Well, when I take a shot, I sort of previsual of how I want it to turn out and I try to develop so i wouldn't have to spend so much time on the enlarger.
 

StoneNYC

Member
Allowing Ads
Joined
Aug 5, 2012
Messages
8,345
Location
Antarctica
Format
8x10 Format
The big boys here don't like you talking about scanning because it is in the traditional process and would prefer that you go over to DPUG for those issues, and I'm thinking that this is in fact the scanner issue.

I went through something similar trying to get TMY-2 to look good and also to shoot at 400 and I really couldn't do it for the longest time until I realized that my scanner wasn't interpreting the scene correctly for 400 speed films. And in fact the images were exposed properly and were exciting, it's just that the scanner wasn't working properly on auto mode and I had to do some manual adjustments, because the negatives looks fine, but the scan didn't seem to work right.

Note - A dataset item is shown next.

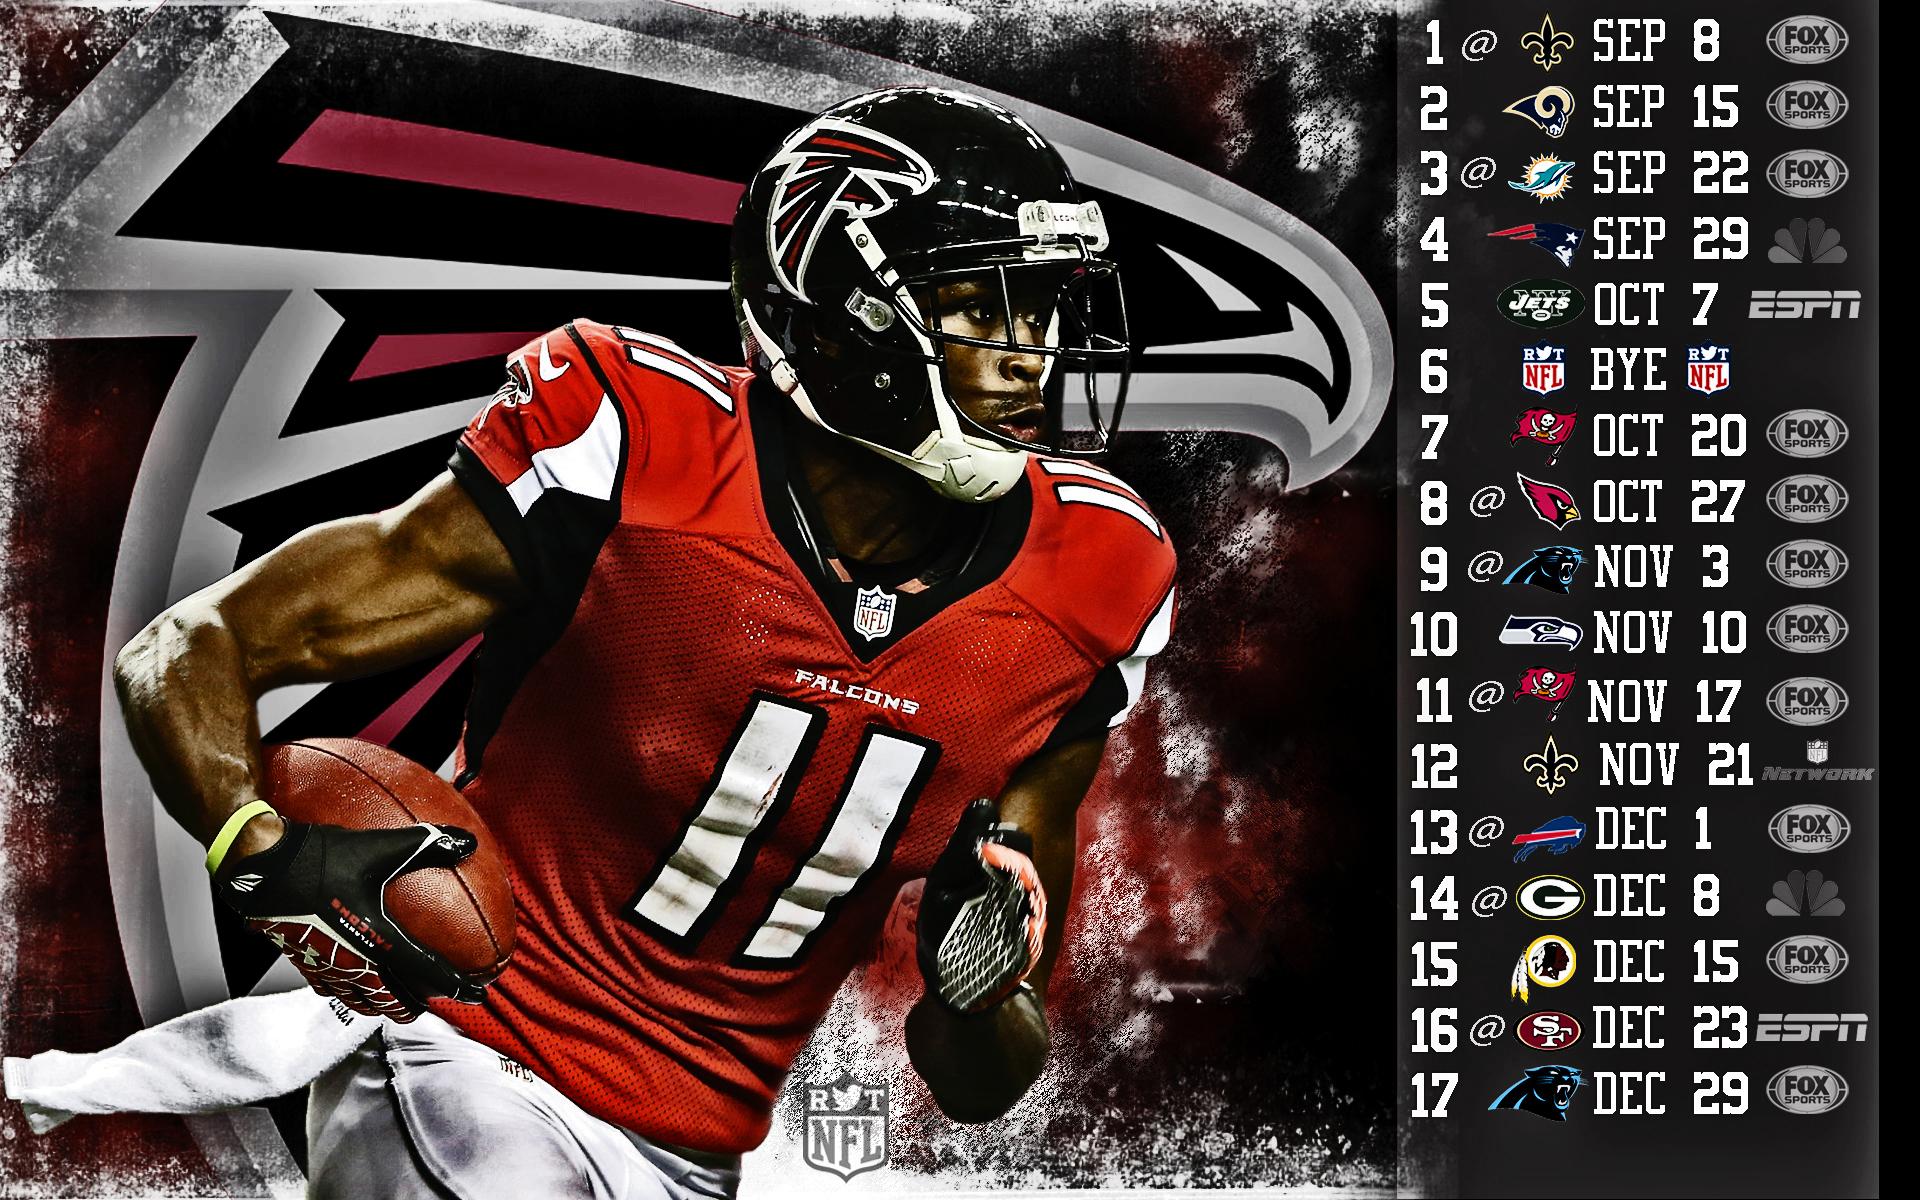 Atlanta Falcons Logo Photos Nfl Iphone Wallpapers: 2013 Atlanta Falcons Football Nfl Wallpaper

As a side point, scanners tend to read a negative differently then optically printing them, and often times like A thinner negative, which actually kind of contradicts what you did here. So I'm not sure about that whole thing.

I last point is, if you're shooting at 160 but using a 400 speed film, why not try something like FP4+ since that's closer to that ASA, it seems a little pointless to shoot a 400 speed film at 160...

Instead of driving yourself nuts, take a roll, shoot the entire thing, 15 shots at 400, and 15 shots at 160 with four shots in between of blanks (use your lens cap). Then in the dark cut the film and half, set-aside one half, well working with the other half cut that into three sections then develop each section with a different developing time one at standard listed time, and The other 2 at plus and minus the normal development listing times.

Then do the same thing with the second half cut it in three and develop each piece at a different time.

Daniel have examples of the film shot at what seems to be your preferred speed, and also at box speed with different development times. Perhaps then you'll have a better idea of what speed you prefer to shoot at and what development time you prefer to shoot at.

I know this is boring and tedious, but for four or five dollars and a few hours of your time, you could really get exact information on what you like to shoot and wouldn't have to worry about thinking about it anymore.

I dictated this using Siri on my iPhone, so if there's any strange wording that's probably why and I apologize.
 

Regular Rod

Member
Allowing Ads
Joined
Aug 6, 2012
Messages
665
Location
Derbyshire
Format
Medium Format
Well, I usually metered on area just above the shadows so I guess Zone 2


I'm sorry I missed your reply and have only just spotted it. If by "just above the shadows" you mean where you can see shadow detail then Zone 2 will be underexposing and will explain quite a lot of why you are not getting the results you are seeking. Try Zone 3 or even Zone 4 on those areas you have been metering, stick with ILFORD's box speed of 400 ISO and develop "normally". In other words keep everything standard but alter the Zone you are positioning your shadow detail on.